Los Altos Institute Principles

Los Altos Institute shares much in common with leftist organizations, even some progressive ones. Below are eleven areas of thought about which our institute has developed distinctive positions. If you are wondering how well you would fit in with our group, here is a set of short summaries of those positions:

    1. Socialist: We are a socialist institute; we are not progressive. We reject the founding principles of progressivism of cross-partisan consensus, technocracy, Social Darwinism and a belief in historical teleology. And we reject modern manifestations of progressivism in its embrace of reformism, false conflation of socialism and liberalism and its ongoing commodification and professionalization of citizen organizing and citizen representation.
    2. Struggle-oriented: We are non solution-oriented; we are struggle-oriented. We believe that there has always existed a Manichean struggle between oppressors and the oppressed and that the struggle in which we find ourselves stretches back to the beginnings of society and will reach no conclusive end as long as humanity exists. We fight to make the time in which we live the most equitable and compassionate that it can be.
    3. Eco-centric: We believe that the greatest threat humans face is the omnicide, the collapse of planetary life support systems due to human activity and human-caused events. And we believe that capitalism is incapable confronting the omnicide and, also, intrinsically unjust.
    4. Democratic: We are democratic and, therefore, anti-technocratic. We believe in the Common Sense tradition of Thomas Paine and hold that a population that possesses basic education and a public square can metabolize, debate and pronounce upon expert knowledge when presented persuasively and accurately.
    5. Non-identitarian: We comprehend identity as Intersubjective and, therefore, not subjective. We reject the idea that there exists a pre-existent self without society. We also reject the idea that individuals are capable of unilaterally constructing their identity within society.
    6. Internationalist: We are internationalist in the tradition of George Orwell. We share the understanding that violence is systemic and inherent in both international systems and nation states and that violence is imposed upon equity- and freedom-seeking peoples and individuals from above. We also reject the idea the state is the appropriate unit with which to align internationally; internationalists must not ask what governments or states one support but rather what parties and social movements share our principles and priorities.
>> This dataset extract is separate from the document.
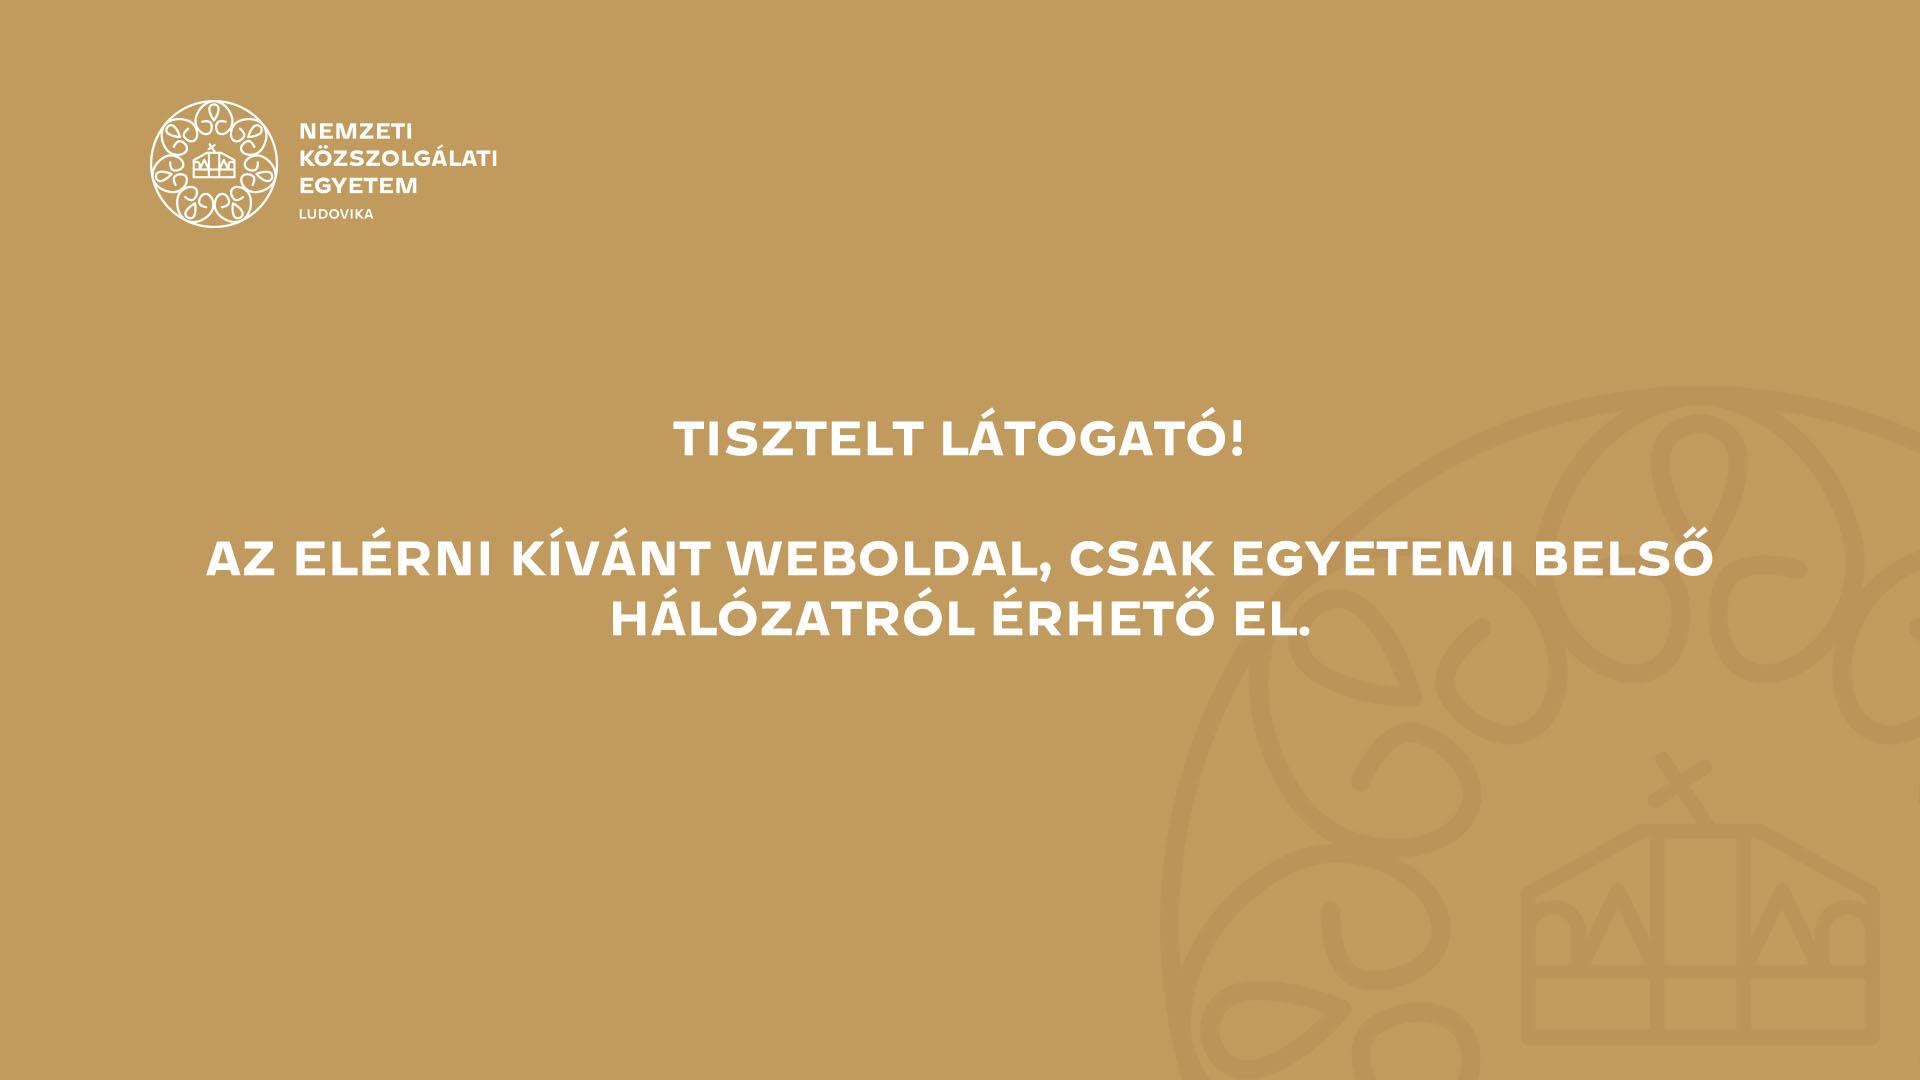 Dr. Gubicza József tű. ezredes PhD.

    7. Marxian but not Marxist: Theoretically-informed empiricists in the tradition of Edward P Thompson and Andre Gunder Frank. This means that while we borrow from key Marxist writers, we reject a Marxist teleology of history and especially a Marxist eschaton. It also means that while we borrow from Dipesh Chakrabarty, Pui Lan Kwok and other postcolonial theorists, we are materialists who believe in the existence of a discoverable, physical world that underpins social phenomena and, consequently, reject standpoint epistemology and other attempted halfway houses between reason and un-reason.
    8. We believe that gender, race and class are inherently oppressive categories from which human beings must seek to emancipate ourselves. And we understand that gender, race and class arise from unequal systems of labour and property when they interact with bodily difference and culture.
    9. We understand empire to be an immanent property of demographically and geographically large systems. Our understanding is based on the work of Kevin Philips, Pekka Hämäläinen and others who understand empires as material energy-transfer structures rather than as intentional and moral agents. We believe that empires must be recognized, comprehended and democratized with the goal of creating equity-based energy systems, in the tradition of some Marxist analyses of the Inca Empire.
    10. We understand that place and space matter in the making and experience of human societies but reject the modern concept of neighbourhoods and neighbours as enshrined in municipal law and modern theories “stakeholder” groups. We reject neighbours as a historically contingent phenomenon arising from dispossession and alienation both from ancestral land connections and from the meaningful execution of mobility rights.
    11. We concur with George Manuel that there is a Fourth World comprising places and peoples still undergoing the process of colonization. British Columbia and the First Nations of BC are part of the Fourth World and we stand in solidarity with all Fourth Worlders from the Kalahari to Araucania to Skidegate in their efforts to free their people from colonialism.
    12. Egalitarian: We believe in the equal rights and dignity of all persons and abhor discrimination in its various forms such as ageism, sexism, transphobia, homophobia, racism, ableism, etc. And we recognize the rights of any group facing such discrimination to organize among themselves on the basis of the discrimination they are suffering. We also recognize that bigotry and discrimination are distinct from but originate in the capitalist economic order and the oppression in perpetrates specifically through class, gender and caste.